Спор из литературного и даже ученого вначале сделался политическим и затронул щекотливые предметы. Небольшая тень, вызванная Монжем, прервала разговор, и в обширной голубой гостиной Сен-Клу слышен был несколько минут только тихий голос императрицы да звук шагов императора, который ходил по комнате и не переставал нюхать табак. Но в его голове идеи появлялись не просто как в волшебном фонаре: они поселялись в ней, и он редко выпускал их, не спросив, зачем они пришли.
Некоторое время Наполеон расхаживал, и все (то есть мужчины) стояли в самых почтительных позах. Вдруг он остановился перед кардиналом и произнес с незабываемым выражением строгости и насмешки:
— Так вы утверждаете, господин кардинал, что нравы народа гораздо испорченнее теперь, чем сорок лет назад? А если я положительно докажу вам обратное, что станете вы отвечать?
— Государь, я не буду отвечать ничего, — сказал кардинал, опять принимая самоуверенный тон, — потому что лишь искаженный ум упорствует перед доказательством.
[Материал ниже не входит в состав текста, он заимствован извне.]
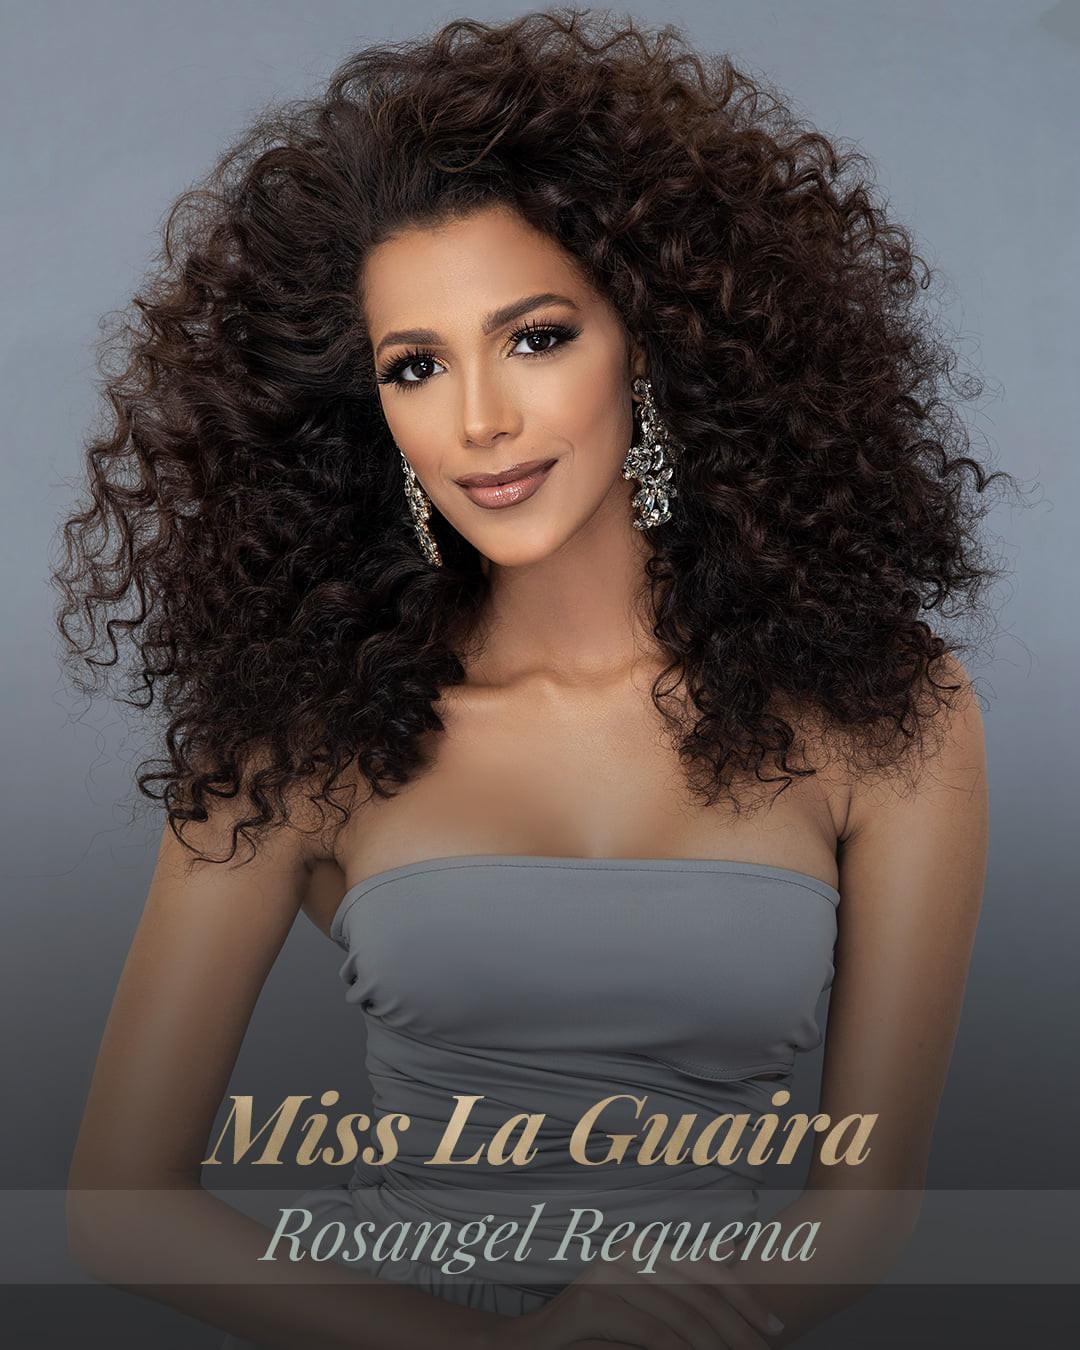 candidatas a miss venezuela 2021. final: 28 oct. RVKKFV

Если ваше величество убедите меня, мне и говорить нечего; но сначала я должен быть убежден.
— Хорошо! Я спрошу у вас: неужели парижскую чернь вы называете французским народом? Может статься, среди торговцев и мещан остались исключения: старые обычаи, которые сохранялись за тремя рядами паутины, сметенной революцией, и старые обычаи, утраченные в некоторых семействах с улиц Сен-Дени или Мааре, — предмет сожалений для этих семей. Но расширьте круг, выйдите из городов, ступайте в деревни, вокруг монастырей, спросите деревенских старост о бенедиктинцах, и особенно о четырех нищенствующих орденах. Это происходило везде! Об их поведении знали… даже наблюдали его, к величайшему соблазну, все офицеры провинциальных гарнизонов. И кто не знает, как почтенные отцы управлялись со своими подчиненными?
— Кто ж станет утверждать, что человек не бывает грешен? — возразил кардинал с заметным выражением досады. — Но зато сколько эти самые люди распространяли вокруг себя добра! Эти бенедиктинцы, о которых ваше величество изволите говорить, сколько сокровищ доставили они литературе! Их труды будут…
— Вы удаляетесь от предмета, господин кардинал, совершенно удаляетесь. Если бенедиктинцы нашли способ проверять исторические даты, так это еще не значит, что они не делали ничего другого. Но я не стану нападать только на духовных, говоря о нравственности среднего сословия в то время, и спрошу вас, могло ли оно возвысить голос, когда его обижали дворяне? Что могло защитить это сословие от безумной прихоти развратника? А тогда все молодые дворяне были развратны. Герцог Ришелье сжег целый квартал для одного часа удовольствия. А Жильбер, современник Лагарпа?.. Впрочем, не люблю ни самого Лагарпа, ни его дарования. Он атеист гораздо больший, чем энциклопедист. Низкий льстец, угождающий Вольтеру, он потом отрекался, глупо и гадко, потому что не имел никаких убеждений вовсе. Вы знали его?